Using a resource size of 2147483647 (2^31 - 1), multiple times (Name attribute varies).. $ condor_advertise UPDATE_STARTD_AD largeresource.ad $ condor_status resources.test -total -server Machines Avail Memory Disk MIPS KFLOPS WHOCARES/TESTER 1 0 2147483647 2147483647 2147483647 2147483647 Total 1 0 2147483647 2147483647 2147483647 2147483647 $ condor_advertise UPDATE_STARTD_AD largeresource.ad2 $ condor_status resources.test -total -server Machines Avail Memory Disk MIPS KFLOPS WHOCARES/TESTER 2 0 4294967294 4294967294 4294967294 4294967294 Total 2 0 4294967294 4294967294 4294967294 4294967294 $ condor_advertise UPDATE_STARTD_AD largeresource.ad3 $ condor_status resources.test -total -server Machines Avail Memory Disk MIPS KFLOPS WHOCARES/TESTER 3 0 6442450941 6442450941 6442450941 6442450941 Total 3 0 6442450941 6442450941 6442450941 6442450941 $ condor_advertise UPDATE_STARTD_AD largeresource.ad4 $ condor_status resources.test -total -server Machines Avail Memory Disk MIPS KFLOPS WHOCARES/TESTER 4 0 8589934588 8589934588 8589934588 8589934588 Total 4 0 8589934588 8589934588 8589934588 8589934588 $ condor_status Name OpSys Arch State Activity LoadAv Mem ActvtyTime many2 TESTER WHOCAR UNKNOWN UNKNOWN [???] 2147483647 [Unknown] many3 TESTER WHOCAR UNKNOWN UNKNOWN [???] 2147483647 [Unknown] many4 TESTER WHOCAR UNKNOWN UNKNOWN [???] 2147483647 [Unknown] many TESTER WHOCAR UNKNOWN UNKNOWN [???] 2147483647 [Unknown] Total Owner Claimed Unclaimed Matched Preempting Backfill WHOCARES/TESTER 0 0 0 0 0 0 0 Total 0 0 0 0 0 0 0 (Omitted 4 malformed ads in computed attribute totals)
There is also a type mismatch in StratdRunTotal.

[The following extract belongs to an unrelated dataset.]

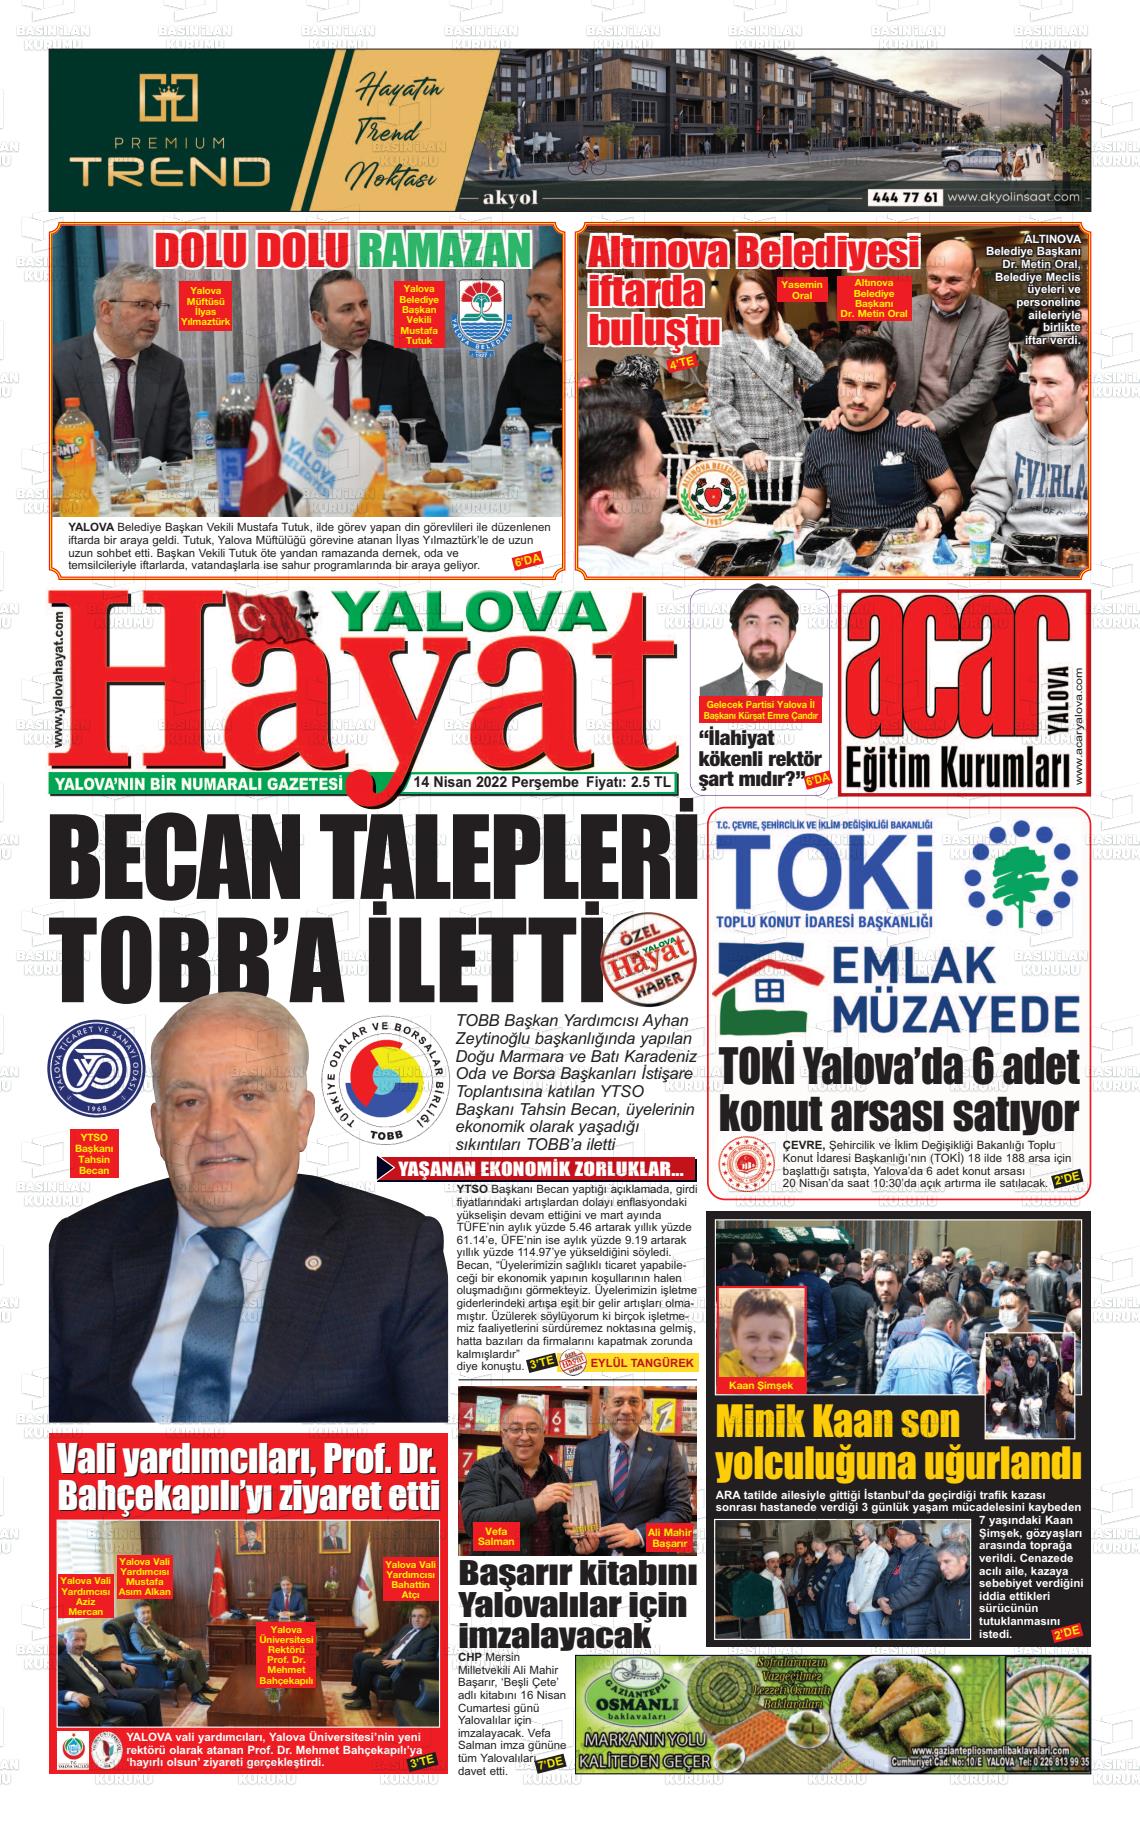 14 Nisan 2022 Yalova Hayat Gazete Manşeti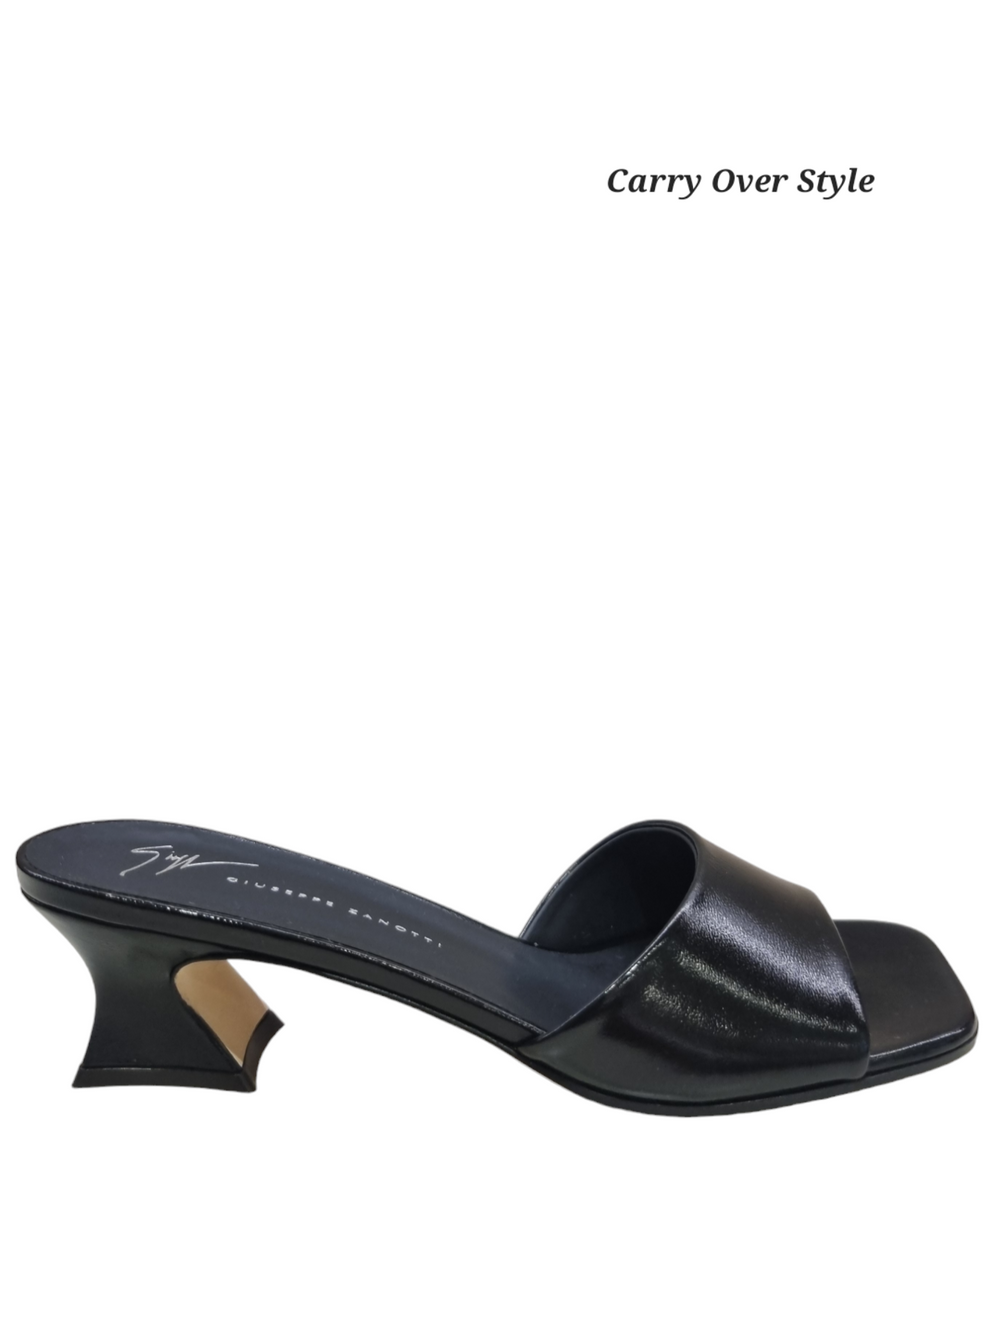 Solhene Shiny Leather Slip-On Mules

Originally reported on condor-users... https://lists.cs.wisc.edu/archive/condor-users/2010-February/msg00078.shtml The condor_startd might have an overflow itself and may be advertising negative kflop values. It is worth finding out what condor_status -long | grep ^KFlop returns in Pascal's pool.
V7_4-branch has a fix for KFLOPS, https://condor-wiki.cs.wisc.edu/index.cgi/tktview?tn=1771
Created attachment 526267 [details] patch for condor_utils/totals.{cpp, h}
So there are a few problems here: 1. Integer quantities in ClassAds are signed and 32-bit. So we won't be able to advertise values larger than 2^32-1; as the example indicates, these are clamped if read in from a textual ad. 2. (Related: It would be nice if there were some convention for marking an ad as suspicious when parsing errors like the above happen. The ad in the example is reported as "malformed" only because the state and activity are invalid.) 3. (Also related: It would also be nice if ClassAd evaluation had a means to record that overflow had occurred.) 4. As Matt mentions, the actual code doing the totaling uses 32-bit ints in some places; one of these was fixed upstream for 7.4. IMHO problems 1-3 should be addressed by a different BZ (there is a ticket upstream for issue #1). I've attached a patch for issue #4.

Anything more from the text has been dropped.